Мышиная синеватая свечка трепетала на столе; это еще Варвара зажигала свечку; отворил печную заслонку, там полешки: огонек перескакивает, пляшет; это Варвара совала полешки в печку; разожгла огонь, — и горит он в пустоте, а ее и нету. Подбросил еще щепочек, чтоб огонь гудел, чтоб свету в избе больше было.
На столе — берестяные листы стопочкой, письменная палочка, чернильница: сама ржавь на чернила варила, свои палочки ладила, любила, чтоб все аккуратно… «Домашнее, — говорила, — оно лучше казенного». «Приходите, — говорит, — ко мне на суп, разве казенный суп с домашним сравнишь?..» Не зашел, гребешков ее побоялся…

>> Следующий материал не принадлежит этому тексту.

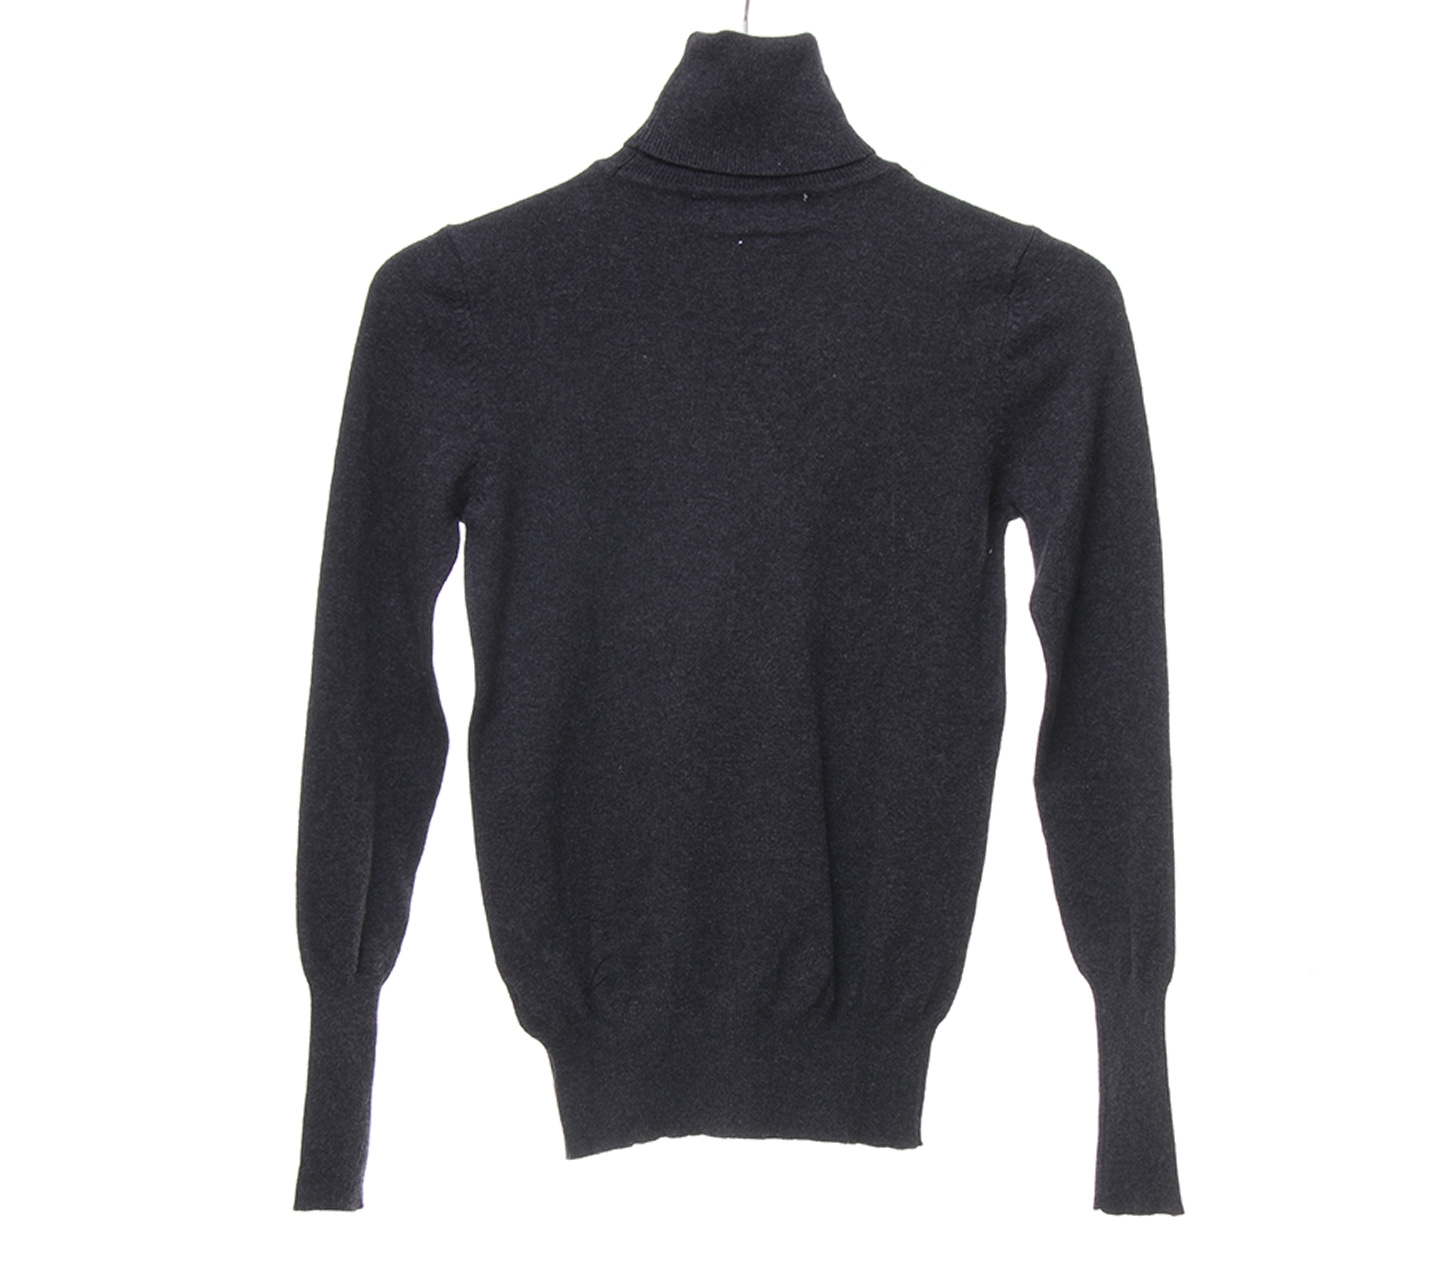 Zara Dark Grey Knit Turtle Neck Sweater

Ах, этот миг, ах, горькое борение…
Пусть пиво бродит в бочке вместе с солодом;
Ведь жизнь могла быть — чистое парение, —
Но небо пролилось дождем и холодом…
Бенедикт заплакал. Слезы защипали глаза, быстро-быстро набрались, перелились через край, потекли, налились в бороду. Утерся рукавом. Добрая была. Чернила всегда свои давала, если у тебя вышли. Слова объясняла. «Конь, — говорит, — это не мышь». Золотые слова. Идола ей в руки…
Хлюпая носом, Бенедикт сел за стол, взял бересту, повертел. Идола надо… Размял письменную палочку — а давно в руках не держал, — обмакнул в чернила. Идола. Как его рисовать-то…
…Головку вывел ссутуленную. Вокруг головки — кудерьки: ляп, ляп, ляп. Вроде буквы «С», а по-научному: «слово». Так… Нос долгий. Прямой. Личико. С боков — бакенбарды. Позакалякать, чтобы потолще. Точка, точка, — глазыньки. Сюда локоть. Шесть пальчиков. Вокруг: фур, фур, фур, — это будто кафтан.
Похож.
Вторнул ей идола в руки.
Постоял, посмотрел.
Вдруг будто что вступило в грудь, ворвалось, лопнуло, как бочка с квасом: зарыдал, затрясся, зашелся, завыл, — матушку вспомнил? Жизнь свою? Весны былые? Острова в море? Непройденные дороги? Птицу белую? Ночные сны? — спроси, не ответит никто!.. — высморкался, надел шапку.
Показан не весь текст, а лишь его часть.